The following text is copyright 1998 by
Network World, permission is hearby given for reproduction, as long as
attribution is given and this notice is included.
How many 9s are enough?
By Scott Bradner
Network World, 08/24/98
If there is one
thing telephone people are insistent on, it is reliability -
at least in their
demands on equipment. The common belief among
phone people who are
trying to build data networks is that equipment
needs to be
"five nines" (99.999%) reliable in order to be useful in a
network they want to
build. I think they are wrong to want this level
of reliability in
data networking equipment, and I fear their insistence
on this level is
inhibiting their deployment of useful data networks.
It will be
interesting to see if they maintain this belief in the future, in
which case they will
have to compete against other providers for
customers.
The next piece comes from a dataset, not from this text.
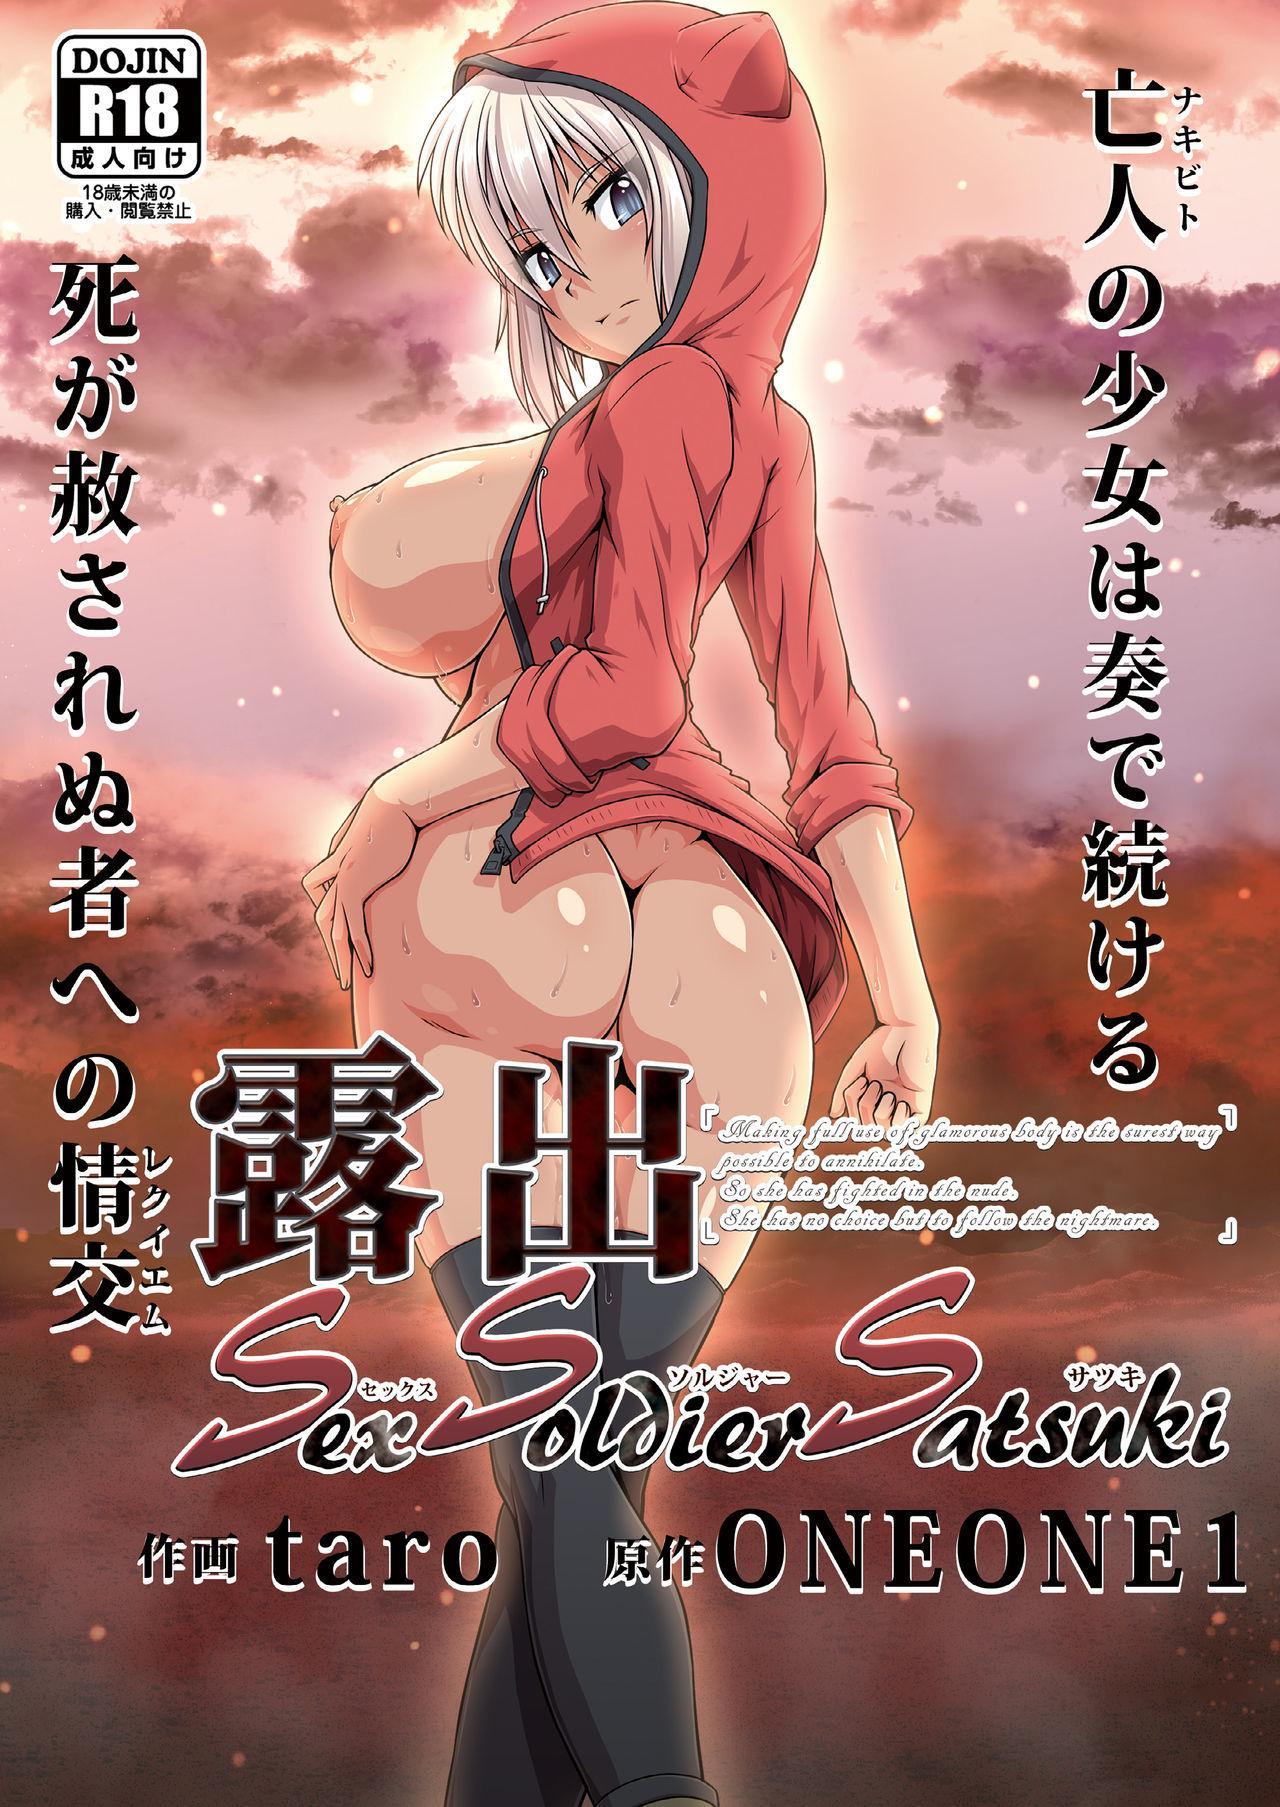 Roshutsu Sex Soldier Satsuki 0

It is
currently easy for the traditional phone company to
insist on reliability
at great cost because it exists in a world where
increased cost means
increased revenue being authorized by the local
utility commissions.
But
utility-commission-distorted economics aside, I think the problem
is that the people
who are insisting on five nines do not understand
data networking.
Back in 1964, Paul
Baron, then at Rand Corp., produced a series of
articles proposing
the idea of packet-switching nets. (The papers were
recently posted
online.) Baron was working at a time when there was
considerable worry
about the destruction of the U.S. communications
infrastructure by
enemy action. He proposed a network design that
would survive
large-scale node or link destruction. His design was
for a distributed
network with many small cheap packet switches and
many redundant links
between them instead of the then-common
network design that
had a few large phone circuit switches. He
showed that when
reliability was measured end to end, a distributed
net would exhibit
very high reliability even in the face of the failure of
a number of the
switches or links in the network. He concluded,
"From the
user's viewpoint, the system appears to be virtually noise-
and error-free when
handling data." He was describing the current
Internet
architecture long before its time.
A key reason to use
a distributed network is to minimize the reliance
on any single
network component. The network will route around
link or switch
failures. In this type of environment, five nines
reliability is
overkill. But it's not a surprise phone types think in terms
of the need for
extreme reliability - they generally don't have
distributed networks
with redundant paths.
There are places in
many ISP networks where redundancy is not as
rich as it might be
- the link to the customer site for example. And in
many ISPs, the level
of traffic is such that routing around a failure
will cause
congestion and data loss. But Internet-style networks are
not the same as
telephone-style ones, and the reliability demanded
from each component
should not have to be as high because the net
will cover up for a
lack of reliability due to redundancy in most cases.
Less expensive,
reasonably reliable switches may not result in less
reliable service to
the customer.
Disclaimer: Harvard
spends more time understanding the reliability of
people than
electronic components, so the above postulation is mine.